Engine with large amounts of ceramics

A ceramic engine is an internal combustion engine made from specially engineered ceramic materials. Ceramic engines allow for the compression and expansion of gases at extremely high temperatures without loss of heat or engine damage. Proof-of-concept ceramic engines were popularized by successful studies in the early 1980s and 1990s. Under controlled laboratory conditions, ceramic engines outperformed traditional metal engines in terms of weight, efficiency, and performance. All-ceramic engines were seen as the next advancement in future engine technology, but have not yet entered the automobile market because of manufacturing and economic problems.

== History ==
Research into more efficient diesel engines occurred after the 1970s energy crisis, resulting in a new market for fuel-efficient vehicles. A newly developed gas turbine engine design promised high thermal efficiency, but needed a material that could withstand 2500 F temperatures. The high heat did not allow for readily available materials like metals, superalloys, and carbon composites to be used. As a result, government-funded research facilities in the United States, Japan, Germany, and the United Kingdom experimented with replacing metal with ceramics. Ceramics' high resistance to heat helped pave the way towards the first commercial use of gas turbine engines, the successes of which led to the idea of an all-ceramic engine.

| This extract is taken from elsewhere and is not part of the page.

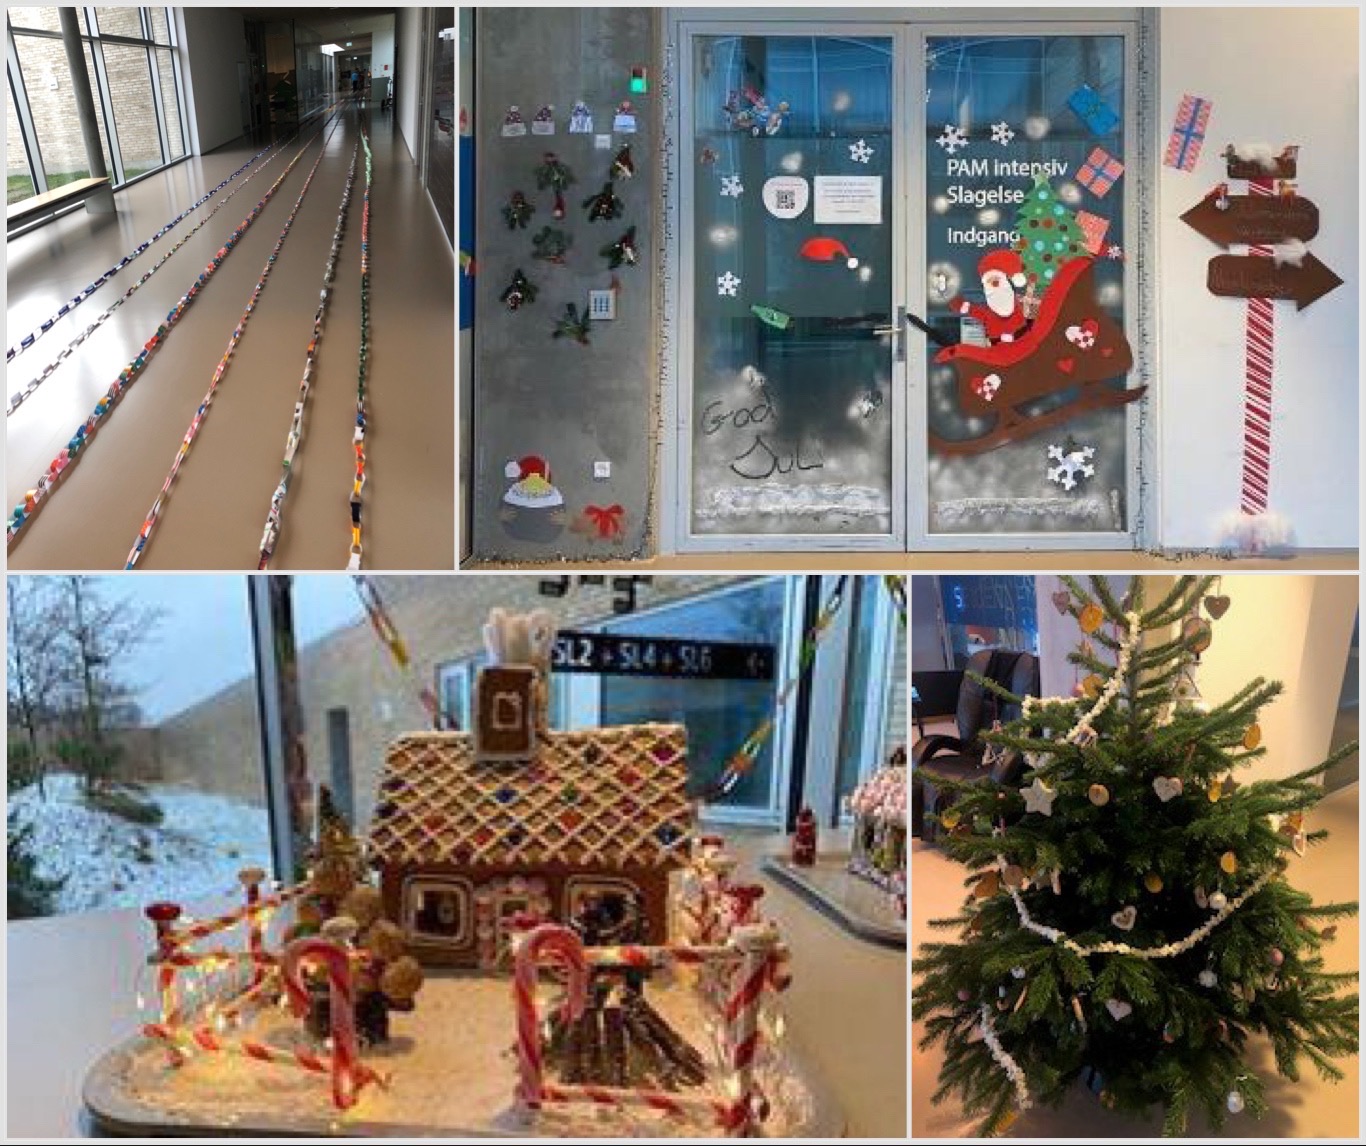 Kagehuse og julepynt collage 1

Between 1985 and 1989, Nissan, in collaboration with NGK, produced the world's first ceramic turbocharger, later debuting this on the 1985 Fairlady Z 200ZR. Isuzu developed a diesel ceramic engine that used ceramic for the pistons, piston rings, and turbocharger wheels. Isuzu also developed an engine that used cylinder liners made of ceramic materials such as silicon nitride. Isuzu also used ceramics for the intake and exhaust valves, exhaust manifold, turbocharger housing, camshafts, heat insulation, and rocker arms.

Predictions for an adiabatic turbo-compound engine (a theoretical heat-efficient engine) were seen as plausible with the use of technical ceramic material. A 1987 technical paper by Roy Kamo predicted the mass production of such engines to occur in the year 2000. However, these predictions were made with the belief that ceramics would overcome "the design methodology, manufacturing process, machining cost, and mass production quality control needed for high volume production."

Currently, ceramic engines are not viable for mass production. Large parts, like the engine block, can be challenging to manufacture out of ceramics due to their brittleness and stiffness.

== Applications ==
In 1982, Isuzu tested a car with an all-ceramic engine near the Kinko Bay.

In 1988, Toyota introduced a ceramic engine into its Crown, as well as its GTV (Gas Turbine Vehicle) concept car.